The use of metadata has its advantages, but it isn’t perfect. SharePoint, for example, has for many years had the ability to apply metadata tags to documents within a document library. There are at least two issues with the use of metadata tagging.
First, there will inevitably be some users who leave tags empty. While you can require tagging, there may be users who enter garbage into the metadata fields in an effort to bypass what they consider to be an annoying or completely useless requirement.

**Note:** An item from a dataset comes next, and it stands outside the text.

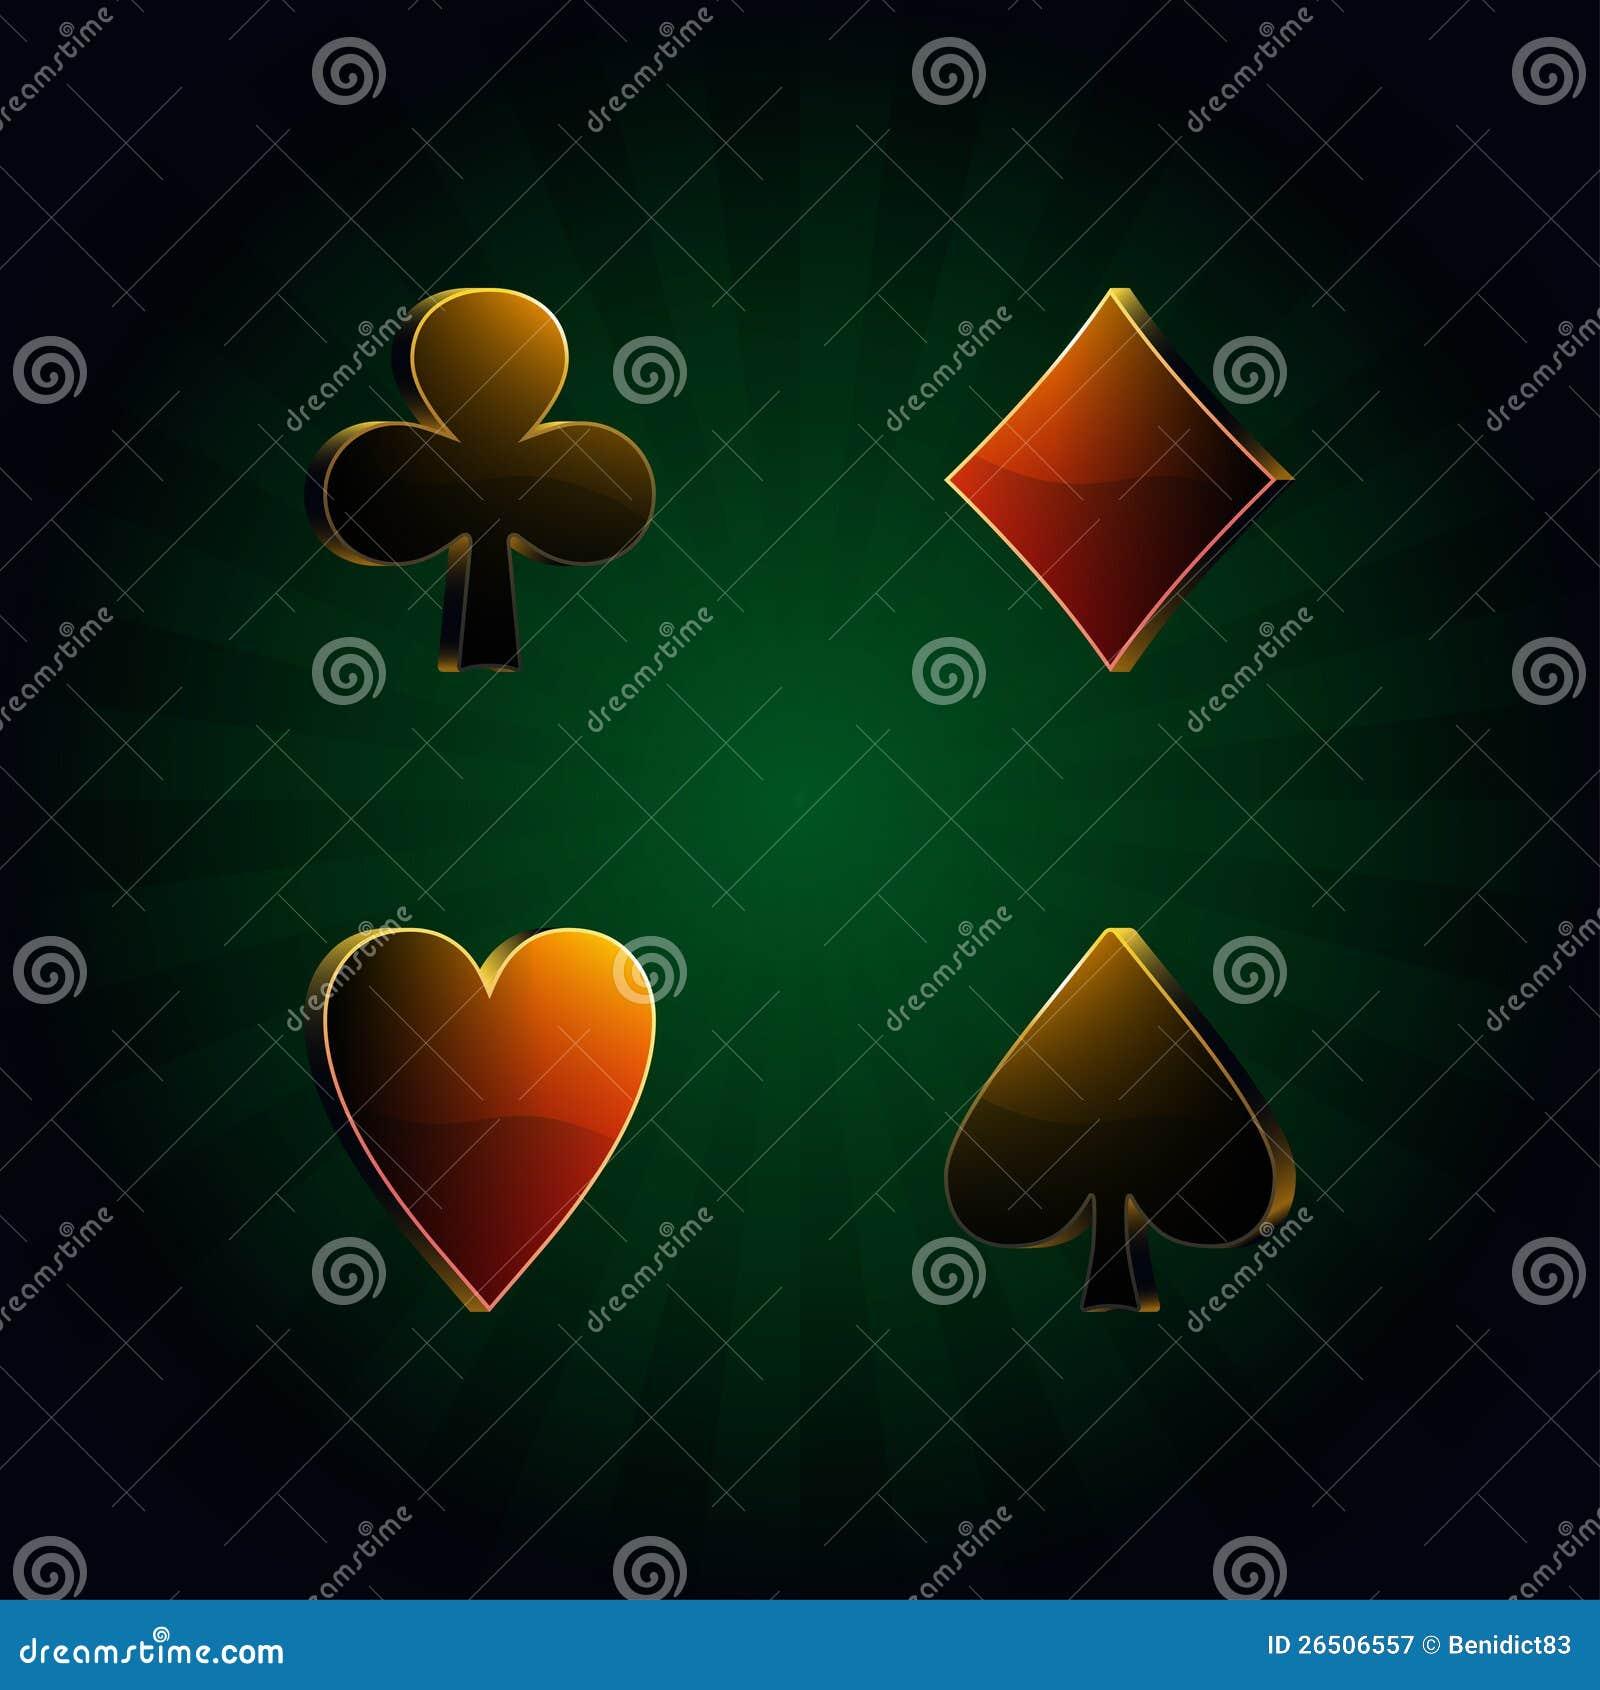 Póquer, illustr do vetor

The bigger issue is that the tagging structure does not apply equally well to all documents. Consider, for example, the articles that I write. I might apply tags such as Publication Date, Editor, or Subject. As previously mentioned, though, articles are not the only type of data on my file system. Imagine that I needed to save a copy of a receipt for tax purposes. It probably wouldn’t make much sense to apply the Publication Date or Editor tag to the receipt.
I suspect that the file system of the future will use a combination of metadata tagging and grouping. Similar types of content could be grouped, and then a tag-based taxonomy could be applied to each group, with the tags being specifically designed to match the group’s purpose. I’m not talking about creating a separate bucket for each file type or organizing SharePoint files into separate document libraries. I’m talking about a classification system that is built into the file system, and that can be applied in a manner that is similar to an access control list.
Next-gen file systems: Archiving and accessing
Although my concept of next-generation file systems is completely theoretical, it addresses some of the major challenges involved in keeping data organized. Regardless of what tomorrow’s file system ultimately looks like though, it will almost certainly need to include data reduction technologies such as deduplication (which already exists in the NTFS file system), and a transparent archiving feature. Such a feature would allow aging, seldom accessed data to be transparently moved to an archival system while continuing to allow the users to access the data in the normal way should the need arise. Again, there are products that can do this today, but I am talking about embedding such capabilities into the file system.